Die junge Frau wirkte nicht besonders erfreut, und es dauerte einen Augenblick, bis sie endlich aufstand. »Wenn es unbedingt sein muss.«
Gonska nickte Rita Haidrich zu, Emmerich begleitete sie zur Tür und schloss diese rasch. »Das kann doch wohl nicht Ihr Ernst sein«, stieß er hervor. »Ich soll Überstunden machen, um den Hexenjäger für dieses exzentrische Frauenzimmer zu spielen? Ich dachte eigentlich, ich arbeite für ›Leib und Leben‹ und nicht für die Spanische Inquisition.«
»Jetzt machen Sie mir hier kein Drama, Emmerich. Dieses exzentrische Frauenzimmer, wie Sie sie nennen, ist die Tochter von Victor Haidrich. Dem Victor Haidrich. Immobilienmagnat und enger Freund des Polizeipräsidenten. Ich finde ihr Anliegen ja auch ziemlich abstrus, aber ich kann sie nicht einfach wegschicken.«
Emmerich setzte sich wieder und stützte seine Ellenbogen auf die Tischplatte. »Weshalb soll ausgerechnet ich diesen peinlichen Auftrag bekommen? Ich bin ein fähiger Kriminalbeamter. Das wissen Sie genau.« Erst als sich ein warmer metallischer Geschmack in seinem Mund ausbreitete, merkte er, dass er sich die Unterlippe blutig gebissen hatte.

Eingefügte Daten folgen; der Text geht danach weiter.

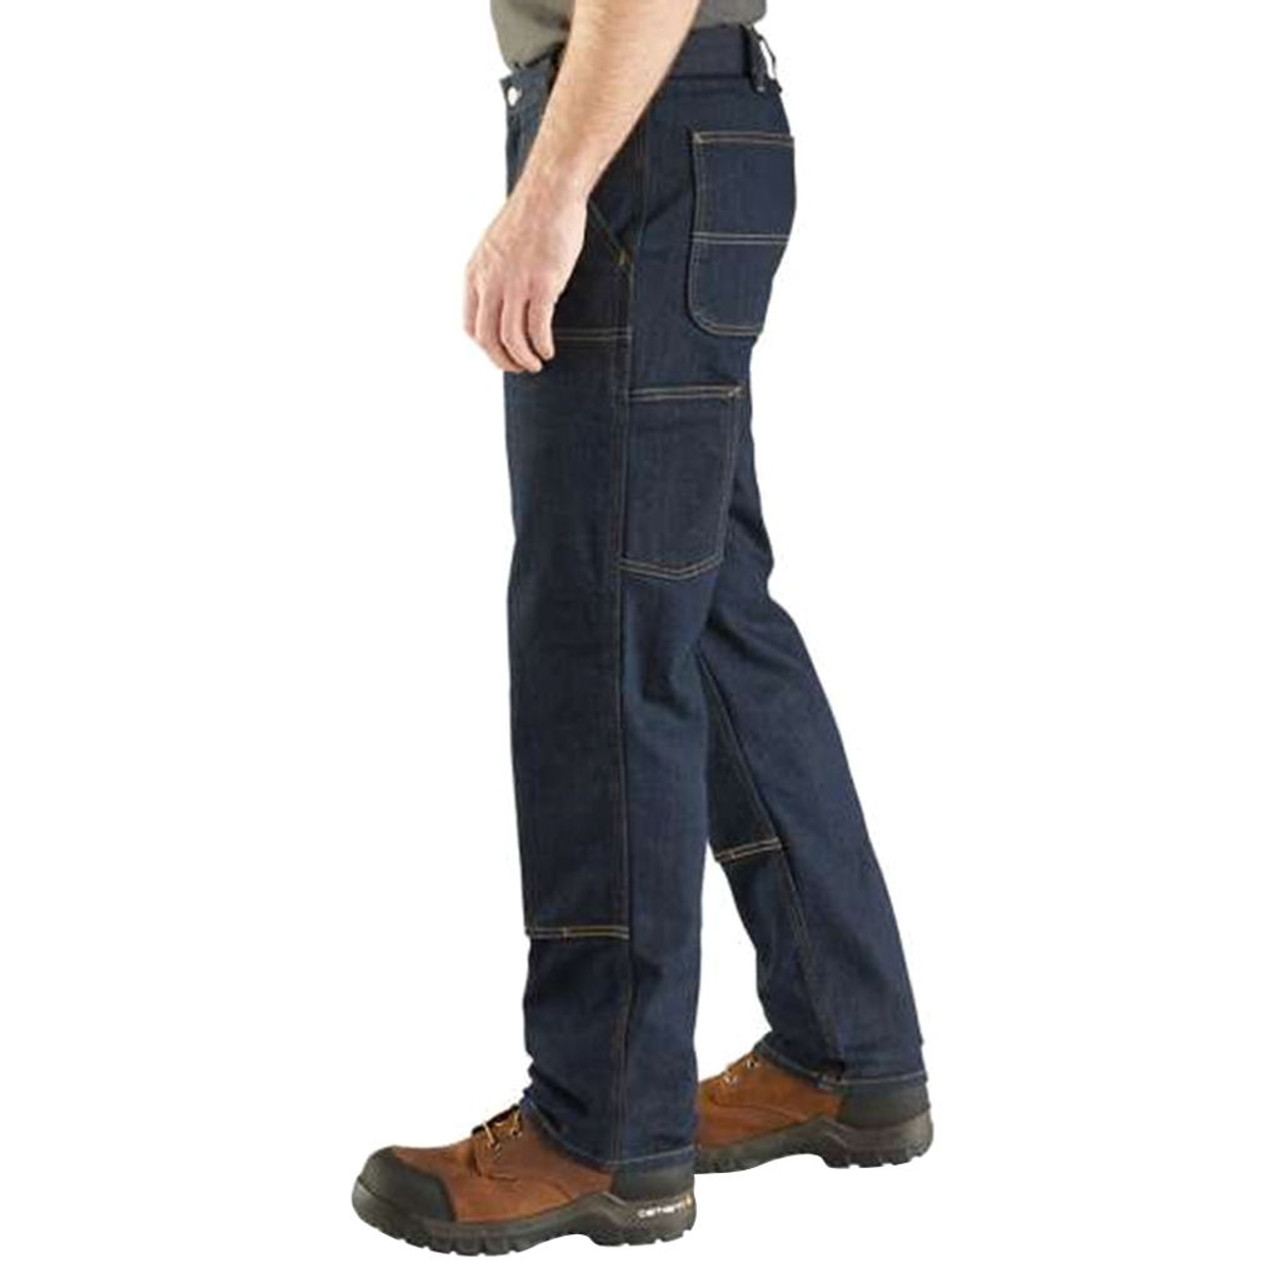 Carhartt 38x34 Rugged Flex 5-Pocket Jean

Gonska setzte sich aufrecht hin und seufzte. »Was soll ich denn Ihrer Meinung nach machen? Der Rest der Abteilung arbeitet an der Sache Fürst, und es ist wichtig, Frau Haidrich zufriedenzustellen. Ihr Vater kann uns große Unannehmlichkeiten bescheren. Reißen Sie sich zusammen, finden Sie die Frau, und gut ist’s. Ich habe wegen der schleppenden Ermittlungen im Mordfall Fürst bereits genug Ärger am Hals.«
Emmerich zog seinen Tabaksbeutel aus der Hosentasche und begann, sich eine Zigarette zu drehen.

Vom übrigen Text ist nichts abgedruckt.